Rdv = 0.6 x (20-(-30))/(4 x 8.7) = 0.86 (m x deg/W).

This calculated value will correspond to a door insulated with a 5 cm thick mineral wool slab. Its heat transfer resistance will be R=0.05 / 0.048=1.04 (m x deg/W), which is greater than the calculated one.

Comprehensive Requirements

Calculations of walls, floors or coverings are performed to verify the element-by-element requirements of the standards. The set of rules also establishes a comprehensive requirement characterizing the quality of insulation of all enclosing structures as a whole. This value is called “specific thermal protection characteristic”. Not a single thermal engineering calculation of enclosing structures can be done without checking it. An example of calculation for a joint venture is given below.

Kob = 88.77 / 250 = 0.35, which is less than the normalized value of 0.52. IN in this case area and volume are assumed for a house with dimensions of 10 x 10 x 2.5 m.
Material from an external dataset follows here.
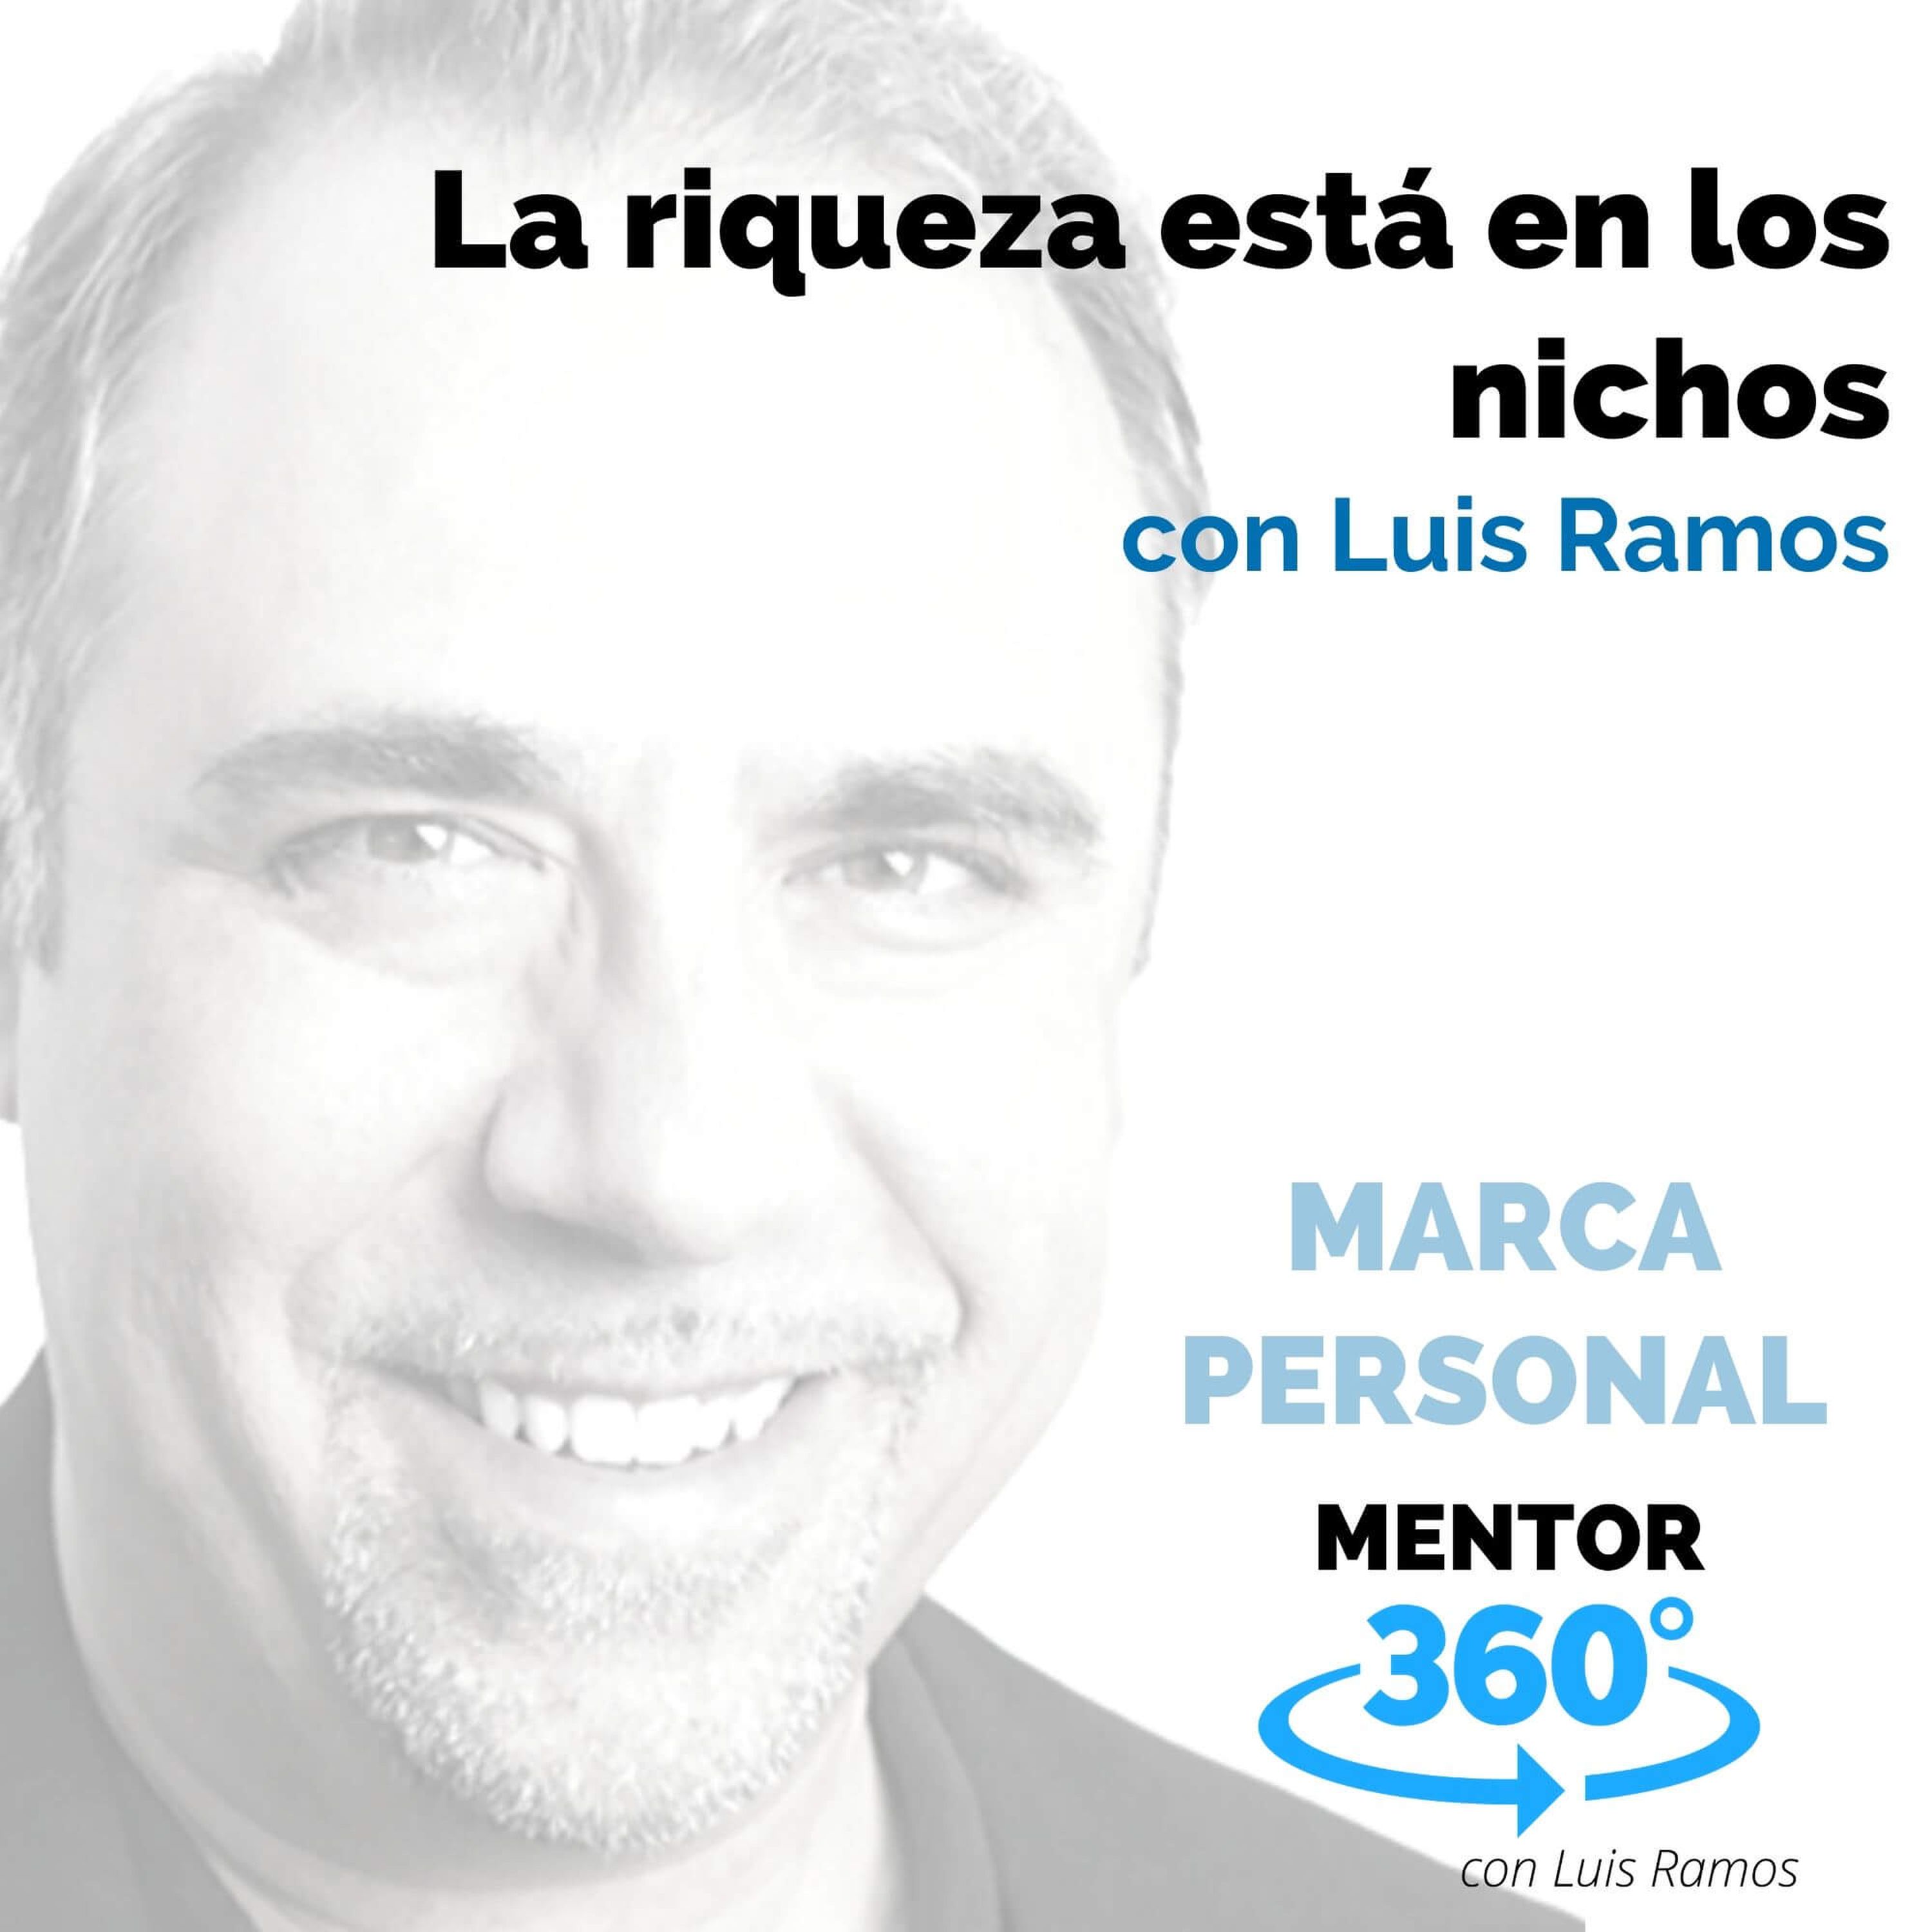 La riqueza está en los nichos, con Luis Ramos - MARCA PERSONAL

Heat transfer resistances are equal to the basic values.

The normalized value is determined in accordance with the SP depending on the heated volume of the house.

In addition to the comprehensive requirement for drawing up energy passport They also carry out thermal engineering calculations of enclosing structures; an example of obtaining a passport is given in the appendix to SP50.13330.2012.

Uniformity coefficient

All the above calculations are applicable for homogeneous structures. Which in practice is quite rare. To take into account inhomogeneities that reduce heat transfer resistance, a correction factor for thermal homogeneity - r - is introduced. It takes into account the change in heat transfer resistance introduced by window and doorways, external corners, heterogeneous inclusions (for example, lintels, beams, reinforcing belts), etc.
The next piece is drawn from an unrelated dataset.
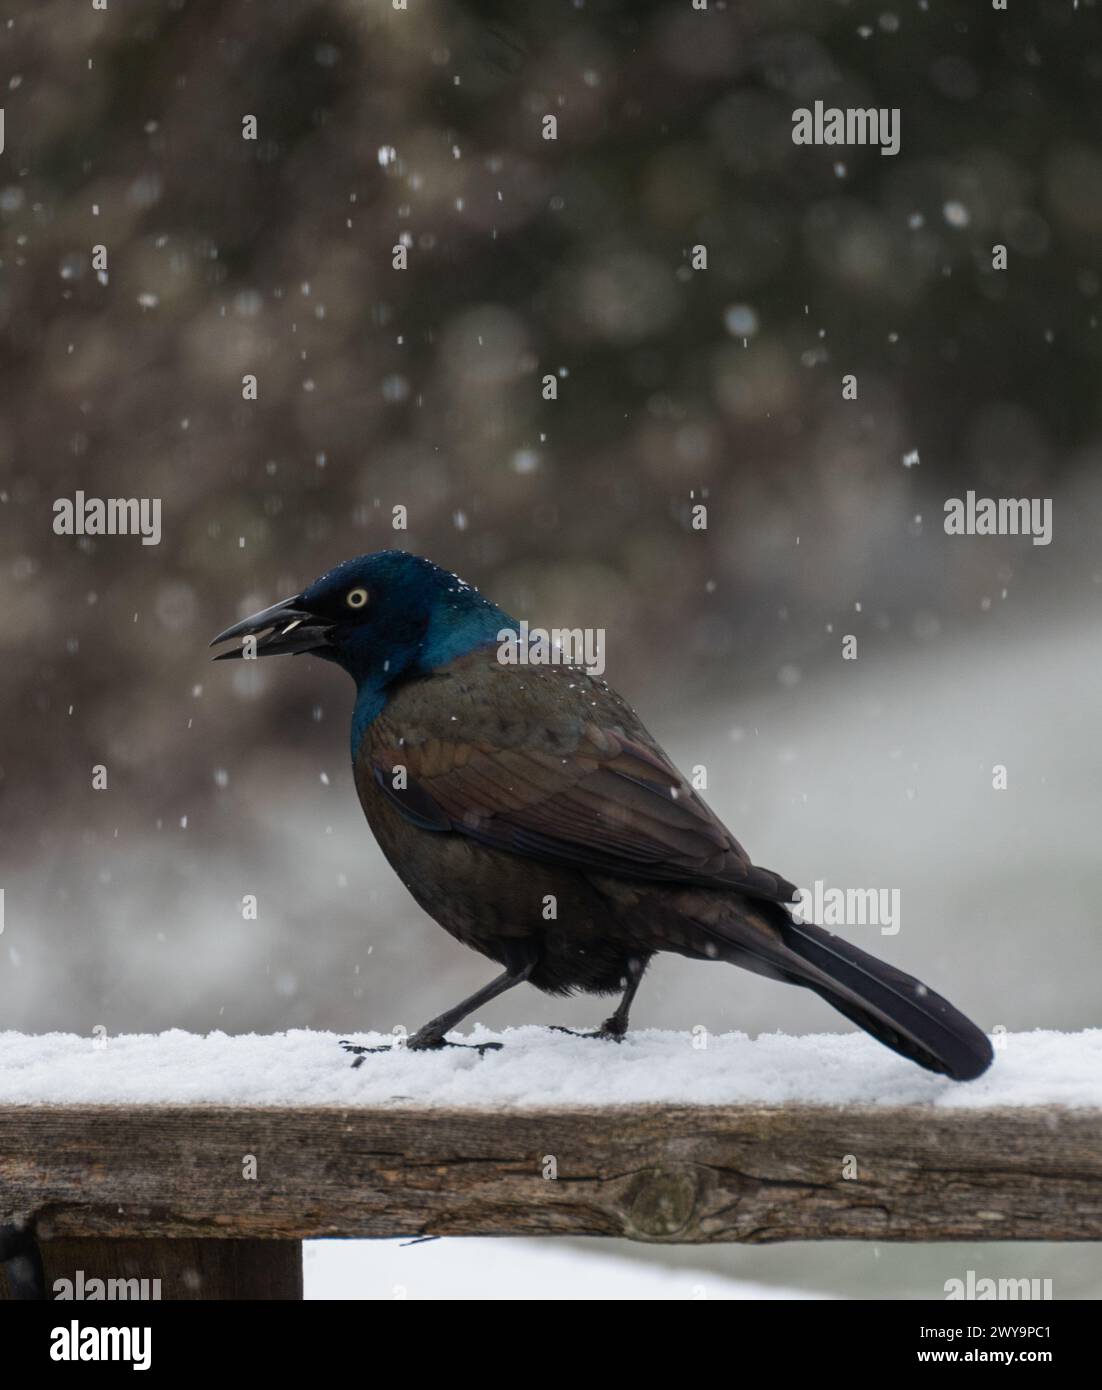 Oiseau grackle commun debout sur la balustrade un jour neigeux. Banque D'Images

The calculation of this coefficient is quite complicated, so in a simplified form you can use approximate values ​​from reference literature. For example, for brickwork - 0.9, three-layer panels - 0.7.

Effective insulation

When choosing a home insulation system, it is easy to make sure that you can meet modern thermal protection requirements without using effective insulation almost impossible. So, if you use traditional clay bricks, you will need masonry several meters thick, which is not economically feasible. However, low thermal conductivity modern insulation materials based on expanded polystyrene or stone wool allows you to limit yourself to thicknesses of 10-20 cm.

For example, to achieve a basic heat transfer resistance value of 3.65 (m x deg/W), you will need:

• brick wall 3 m thick;
• masonry made of foam concrete blocks 1.4 m;
• mineral wool insulation 0.18 m.

During the operation of the building, both overheating and freezing are undesirable. Define golden mean Thermal engineering calculation will allow, which is no less important than the calculation of efficiency, strength, fire resistance, and durability.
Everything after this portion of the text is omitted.